The United States Federal Trade Commission has introduced new data breach notification rules, shedding light on the delicate equilibrium between the government’s quest to enhance its understanding of national cybersecurity threats and the consolidation of numerous reporting regulations.
On Friday, the consumer protection agency unveiled finalized amendments to its Safeguards Rule, requiring non-bank entities such as mortgage brokers and auto dealers to promptly report security incidents affecting the unencrypted data of 500 or more customers, with a maximum reporting timeframe of 30 days.

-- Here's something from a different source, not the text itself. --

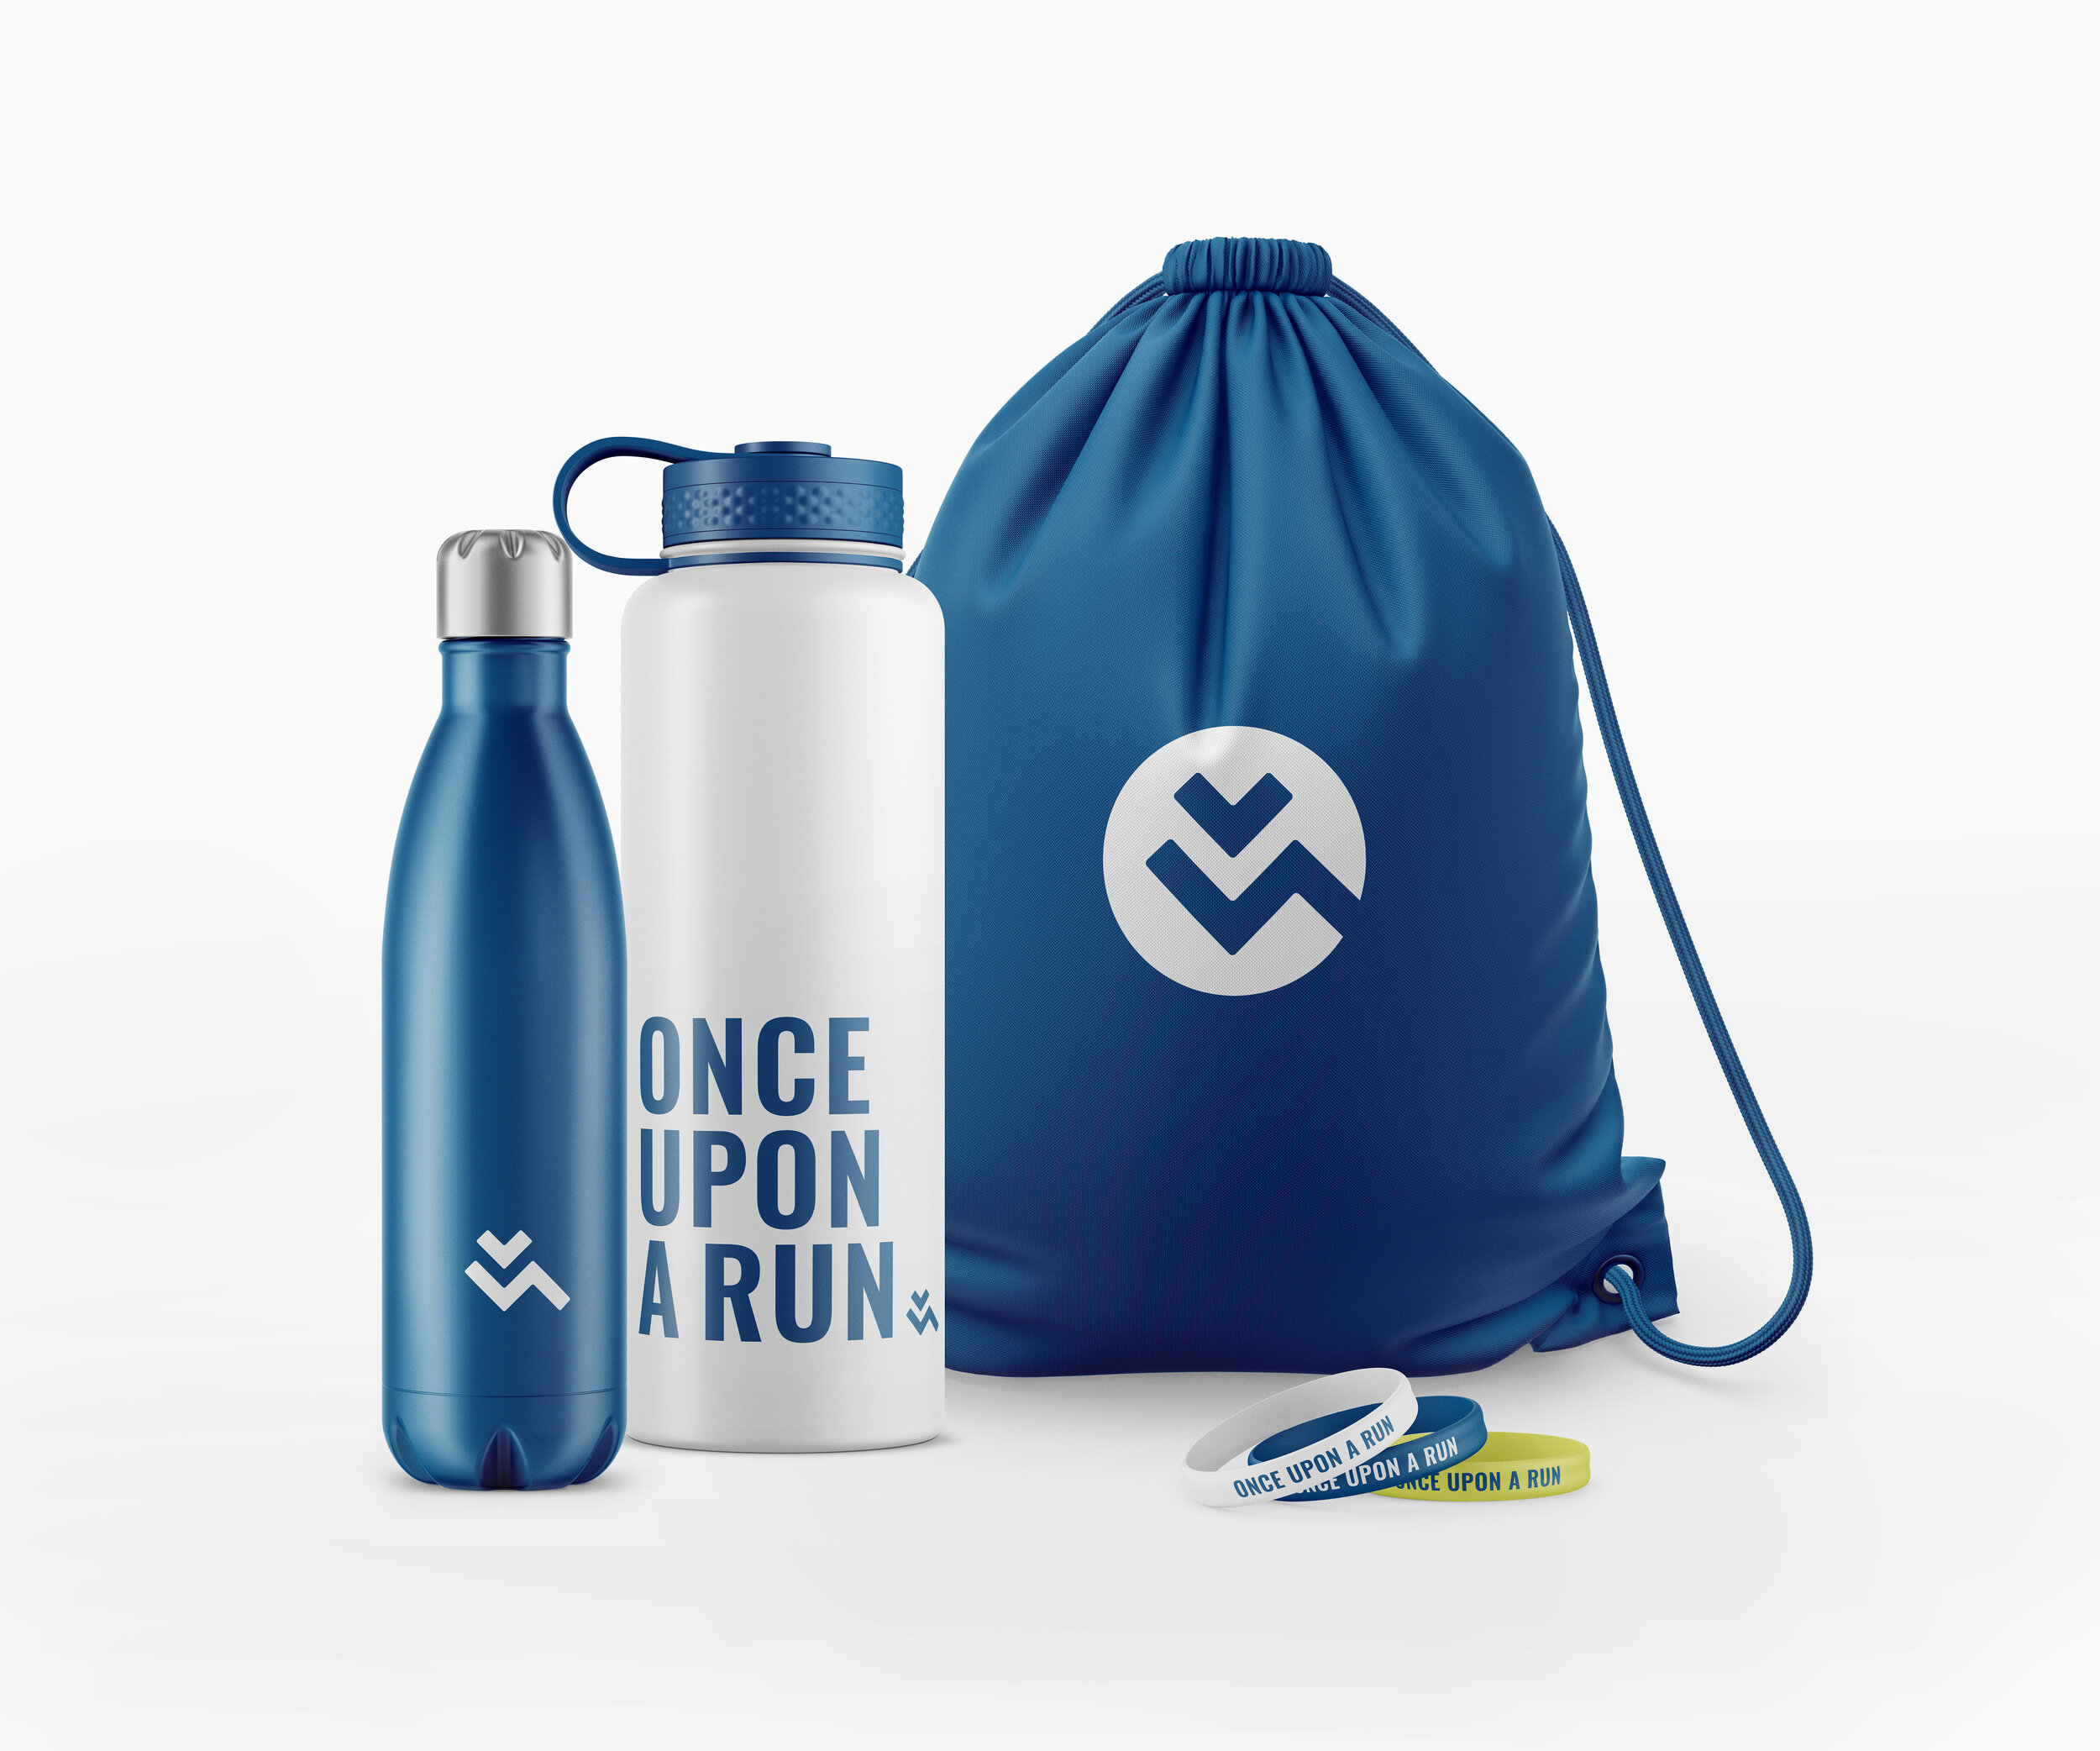 Blue and White Fitness Logo Water Bottles, Gym Bag and Athletic Silicone Bracelet for Running Coach Vic Aguilar

Companies that store sensitive consumer data find themselves navigating through a maze of over 50 federal security incident reporting regulations. These new FTC requirements are part of the broader initiative by various branches of the executive branch to harmonize these rules and bolster the nation’s cybersecurity posture. Nevertheless, the subtle discrepancies in reporting timelines and required details pose challenges for compliance, complicating matters for companies during the critical post-cyberattack period.
Linn Freedman, a cybersecurity compliance partner at Robinson & Cole LLP, remarked, “It is a difficult patchwork to know all the different entities, depending on what industry you are in, that you have to notify” after a security incident.
The Department of Homeland Security came to a similar conclusion in a report published on September 19, highlighting the significant hurdles posed by variations in breach definitions and reporting triggers.
The FTC has stated that these additional reporting requirements will equip the agency with new insights into “emerging data security threats” as it aligns its cybersecurity regulatory efforts with the Biden administration’s goals. However, the addition of another regulator relationship in the event of a cyber incident will be a significant compliance challenge for businesses, according to Nick Sanna, President of the FAIR Institute, a nonprofit focused on measuring information risk.
Safeguards Rule Expansion: The updated Safeguards Rule extends the Federal Trade Commission’s cybersecurity oversight to a new set of businesses, which must now revise their incident response plans to ensure compliance. These changes impact businesses governed by the Gramm-Leach-Bliley Act of 1999, including payday lenders, insurance providers, loan collection agencies, and tax preparation firms.
Melissa Krasnow, a partner at VLP Law Group LLP specializing in advising financial services providers on cybersecurity compliance, stated, “A lot of entities which may not have thought of themselves as being regulated would be regulated. The issue is whether they’re aware they’re regulated and are complying.”
The FTC’s new reporting requirements will take effect six months after the agency publishes the amendments in the Federal Register, providing companies with time to ascertain their regulatory status and develop effective compliance strategies. The data breach reports must include information about breached categories of data, duration, and an estimate of affected consumers.
In the attached analysis of the finalized amendment, the commission explained that the new information gathered would expedite the agency’s ability to identify breaches requiring further investigation and save resources by eliminating the need to continually search for breach notifications from other sources.
As Krasnow noted, “A lot of regulators, including the FTC, often don’t know when there’s noncompliance or lack of compliance until there’s a breach.”
Lenders need to prepare to implement new processes for collecting and reporting cyberattack information to ensure compliance with the amended rule.
Addressing Cyber Resiliency: Holding these businesses to higher data management standards could address concerns expressed by banks regarding cyber resiliency, particularly in response to an open banking proposal championed by the Consumer Financial Protection Bureau (CFPB). The CFPB’s proposal offers increased access to financial data for fintech third parties, raising concerns among banks about the cybersecurity practices and data protection of these entities, which face less stringent regulations.
Jonathan Joshua, a financial regulations counsel at Joshua Law Firm LLC, noted that the new amendments “show that the FTC continues to push the envelope” in terms of expectations for non-bank financial services providers.
However, the FTC’s rules should not be expected to fully resolve all the concerns raised in the ongoing discussions surrounding the CFPB proposal, as highlighted by Peter Dugas, who leads a regulatory intelligence center at advisory firm Capco RISC.
Dugas noted that addressing the full concerns would require additional standards for data, terms of access, record-keeping practices, duration periods, minimum data security programs, and litigation protections for third-party breaches.
Complex Reporting Landscape: Several groups that submitted comments on the proposed Safeguard Rule changes expressed concerns that the addition of another federal reporting requirement could divert attention away from responding to data breaches and complicate rather than streamline compliance efforts.
The FTC contends that reporting breaches to the agency will not be overly burdensome since companies are already required to collect similar information under breach-reporting regulations in all 50 states.
The U.S. Cybersecurity and Infrastructure Security Agency (CISA) is planning to release a proposed rule set next year, mandating the financial sector and 15 other critical infrastructure sectors to report security breaches to the agency within 72 hours of discovery, and paid ransoms within 24 hours. While this rulemaking at CISA may centralize cybersecurity data reporting, the actual simplification of reporting in practice remains an open question, as highlighted by Justin Herring, a partner at Mayer Brown LLP with expertise in cybersecurity regulation.